National trade union center

The Lithuanian Labour Federation (Lietuvos darbo federacija, LDF), also known as the Christian Labour Party in 1934–1942, is a national trade union center in Lithuania. It was founded in 1919, but was subsequently dissolved at the time of the Soviet occupation. It was recreated in 1991.

The LDF is affiliated with the International Trade Union Confederation, and the European Trade Union Confederation.

==History==
The party was established on 28 September 1919 during the Kaunas convention of the Lithuanian Christian Workers Association.
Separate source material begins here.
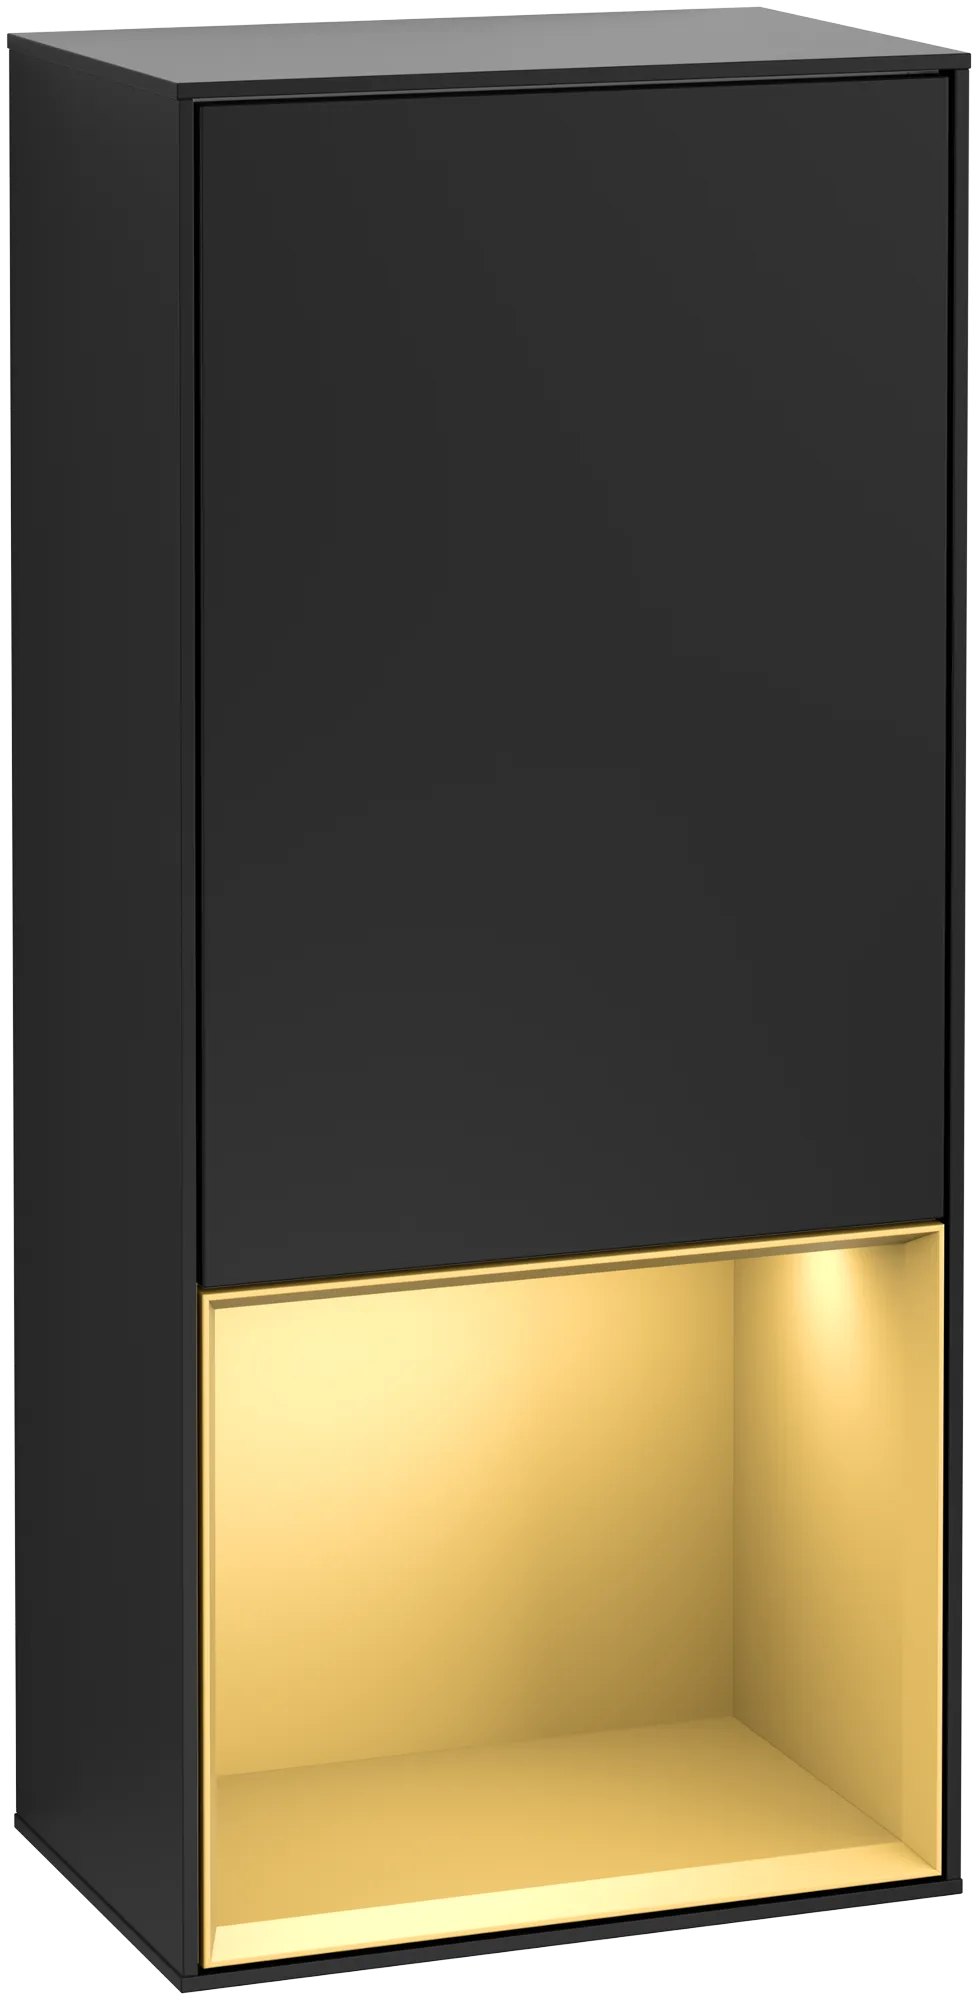 Bild von VILLEROY BOCH Finion Seitenschrank, mit Beleuchtung, 1 Tür, 418 x 936 x 270 mm, Black Matt Lacquer / Gold Matt Lacquer #G550HFPD

It won 15 seats in the 1920 elections and became part of the Christian Democratic Bloc alongside the Lithuanian Christian Democratic Party and the Farmers' Association. Together the Bloc held a majority in the Seimas, and formed a government with the Peasant Union. The DF won 11 seats in the 1922 elections, with the Bloc just short of a majority. After governing with the support of independents, early elections were held in 1923 which saw the DF win 12 seats and the Bloc gain a parliamentary majority, allowing it to govern alone.

The 1926 elections saw a significant loss of support for the DF, as its vote share fell from 15% in 1923 to 8%, with the party winning just five seats. As a result, the Christian Democratic Bloc lost its majority and control of the government.

Following the 1926 coup, the DF joined the opposition to the Antanas Smetona government. It was subsequently dissolved by decree in 1932. It was later resurrected as a non-partisan organisation under the name Association of Christian Workers on 15 April 1934, and grew to have 6,000 members by 1938.